[[ Data in this exercise, beginning ]]

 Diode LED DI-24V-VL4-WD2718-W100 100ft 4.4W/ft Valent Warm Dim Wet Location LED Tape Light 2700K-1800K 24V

[[ Data in this exercise, end ]]
[[ Data in this exercise, beginning ]]

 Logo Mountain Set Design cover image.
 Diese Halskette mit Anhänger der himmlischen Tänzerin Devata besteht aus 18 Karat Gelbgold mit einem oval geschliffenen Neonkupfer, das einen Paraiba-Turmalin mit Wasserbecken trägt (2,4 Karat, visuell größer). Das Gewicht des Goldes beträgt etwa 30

[[ Data in this exercise, end ]]
[[ Data in this exercise, beginning ]]

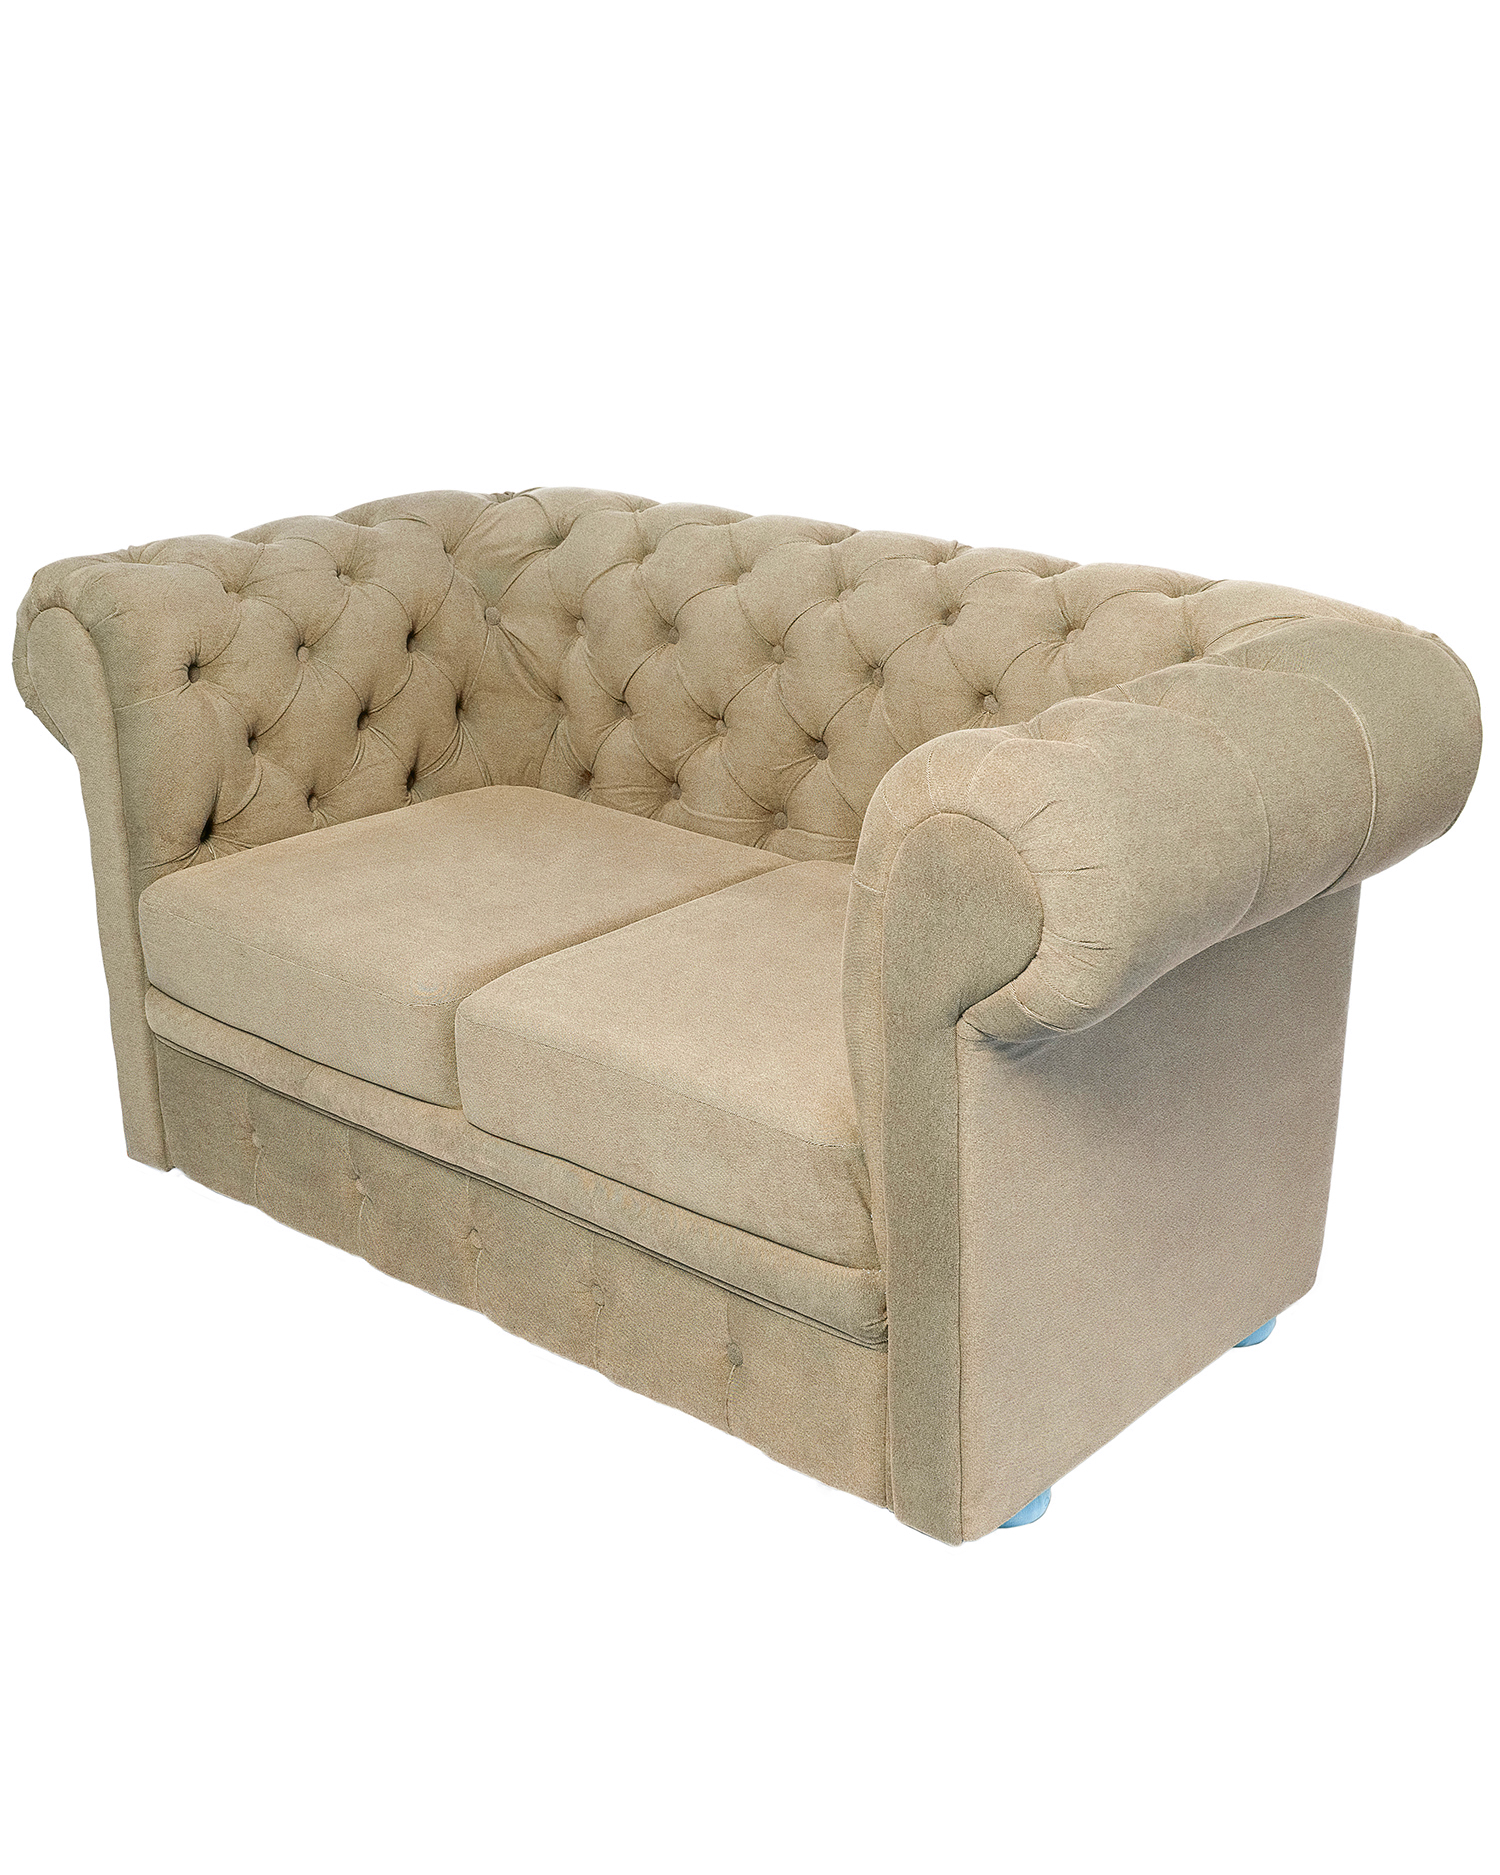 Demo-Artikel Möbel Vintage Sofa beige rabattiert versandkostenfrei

[[ Data in this exercise, end ]]

(Required work) The lines to extract from the data above begin with the line containing "Logo Mountain Set Design cover image." and end with the line containing "Diese Halskette mit". Extract them exactly, including both.

(Exercise solution)
 Logo Mountain Set Design cover image.
 Diese Halskette mit Anhänger der himmlischen Tänzerin Devata besteht aus 18 Karat Gelbgold mit einem oval geschliffenen Neonkupfer, das einen Paraiba-Turmalin mit Wasserbecken trägt (2,4 Karat, visuell größer). Das Gewicht des Goldes beträgt etwa 30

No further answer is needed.